First edition, first issue, with "that" spelled correctly on the first line of p. 208 (misspelled in the second issue). The Expression of the Emotions "appeared in November, and was awaited with such interest that over 5,000 copies were sold on the day of publication" (Huxley, p. 96).
It was "written, in part at least, as a confutation of the idea that the facial muscles of expression in man were a special endowment" (Freeman), a subject originally intended for The Descent of Man. Darwin invited the photographer Oscar Rejlander to make comparative studies of laughter and crying, obtained photographs of asylum inmates from the asylum director James Crichton-Browne, and consulted the French physiologist Guillaume Duchenne regarding his electrical research on the facial muscles.

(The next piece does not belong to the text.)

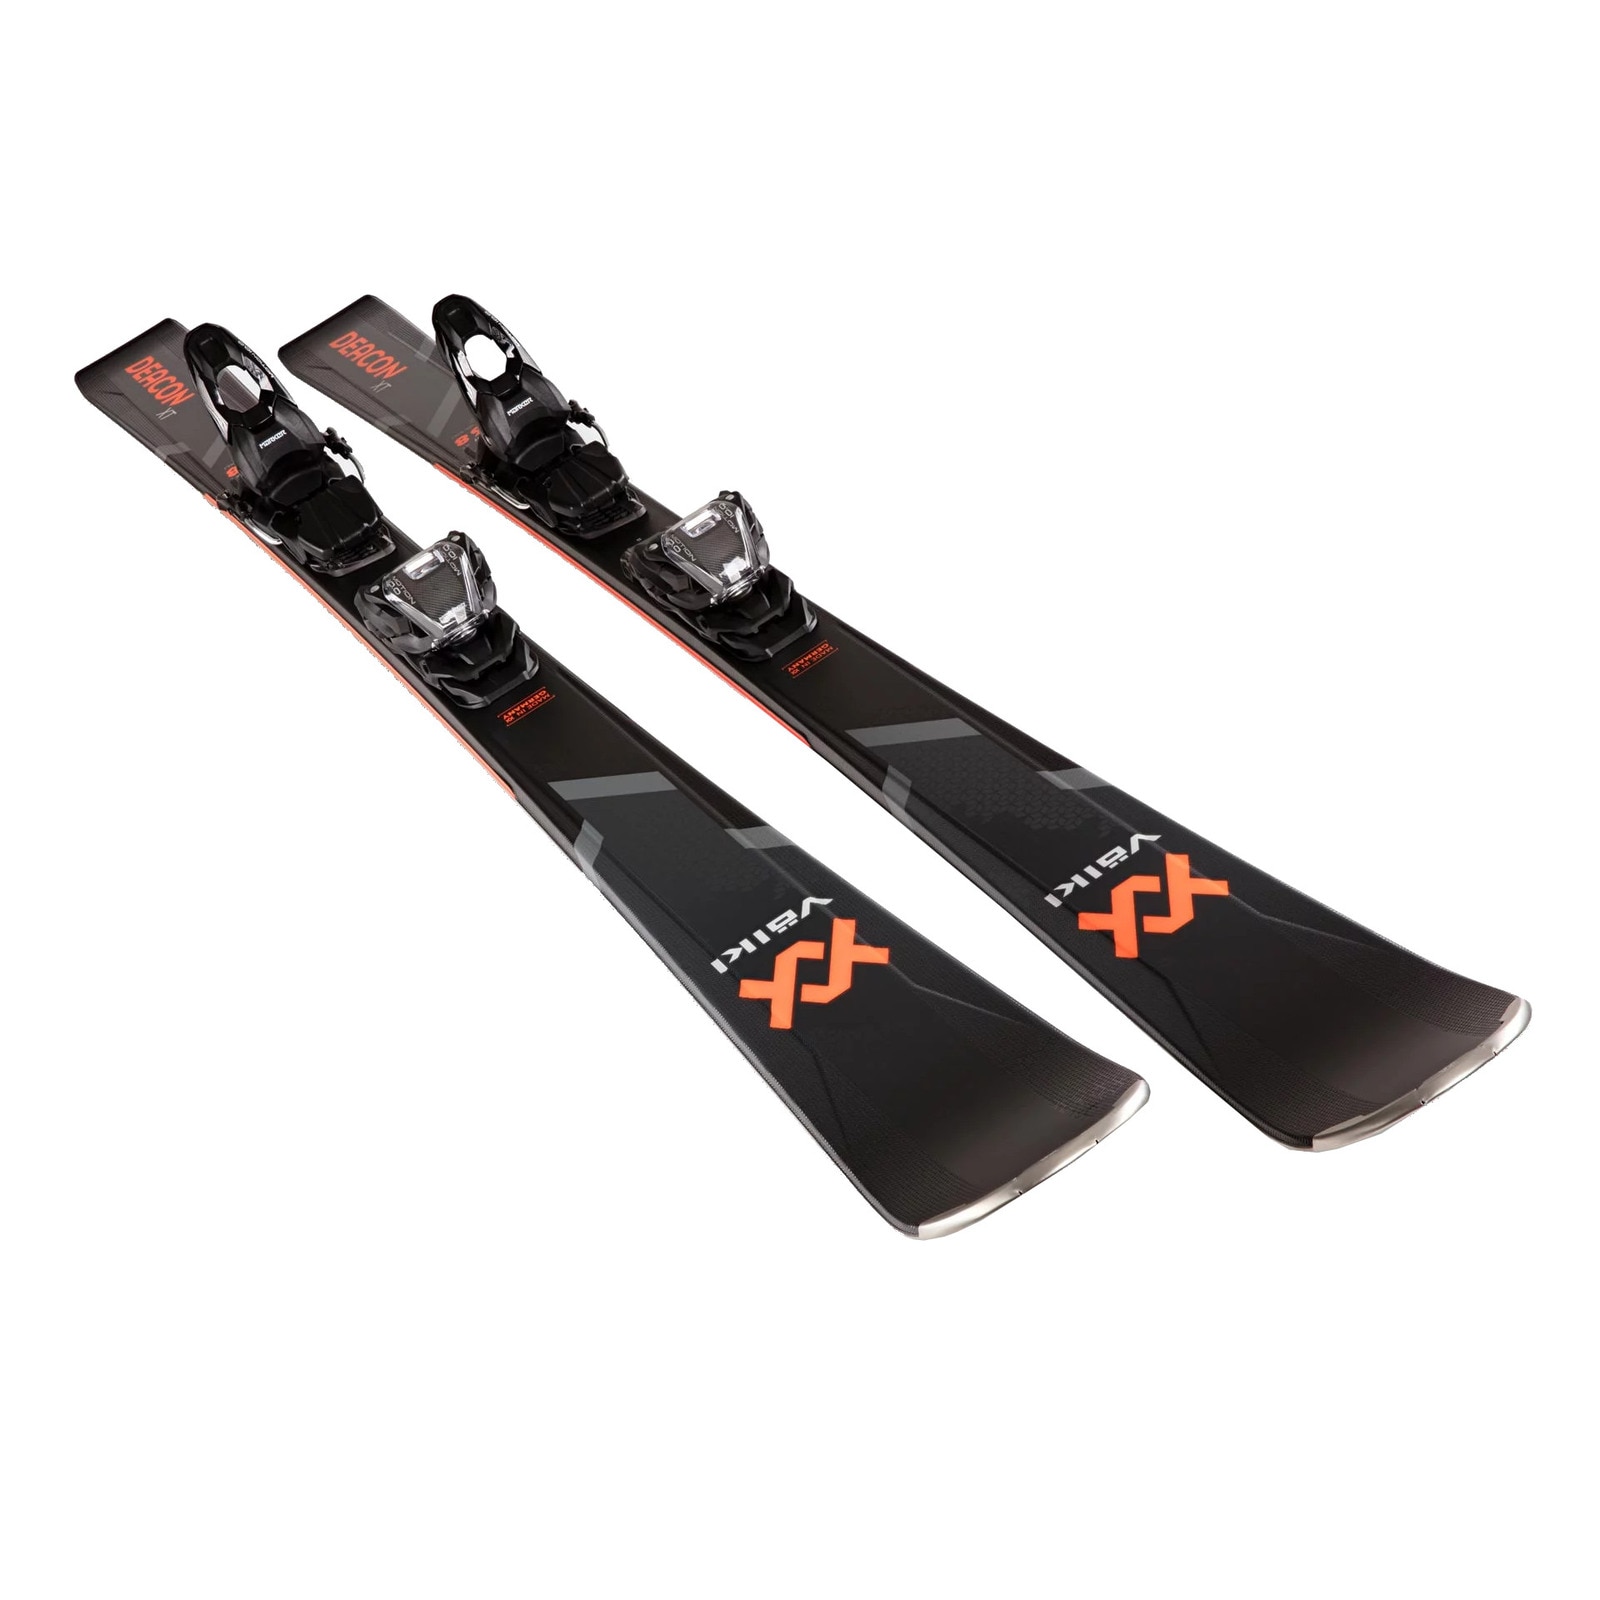 スキー セット VOLKL フォルクル スキー板 2020 DEACON 7.6 GOLD   FDT TP10   DALBELLO ブーツ DS AX 80 W   ストックPK   スキーケース   ブーツケース

The plates are among the earliest commercially reproduced photographs in a scientific book. They are lettered with Roman numerals in this copy; another state is known in Arabic numerals, without priority of issue. Freeman suggests that the Arabic numeral plates were printed first, but notes that "the two states seem to occur at random in the two issues of the text, and Darwin's own copy, at Cambridge, has the Roman" (Freeman).
Octavo. Original dark green cloth, spine lettered in gilt, covers panelled in blind, black endpapers.
With 7 heliotype plates, of which 3 folding, woodcut illustrations within text, many full-page. With 4 pp. publisher's advertisements dated November 1872 at rear.
W. H. Smith & Son blind stamp on front free endpaper verso, gift inscription in ink on recto dated 1880. Spine ends and corners bumped, spine panel a little cockled and small closed tear to cloth of same discreetly restored, small knock to outer edge of front cover, inner hinges repaired, free endpapers creased, contents generally clean, short closed tear at upper edge of leaf Q5 neatly repaired: a very good copy.
Freeman 1141; Garrison-Morton 4975; Norman 600. Leonard Huxley, Charles Darwin, 1921.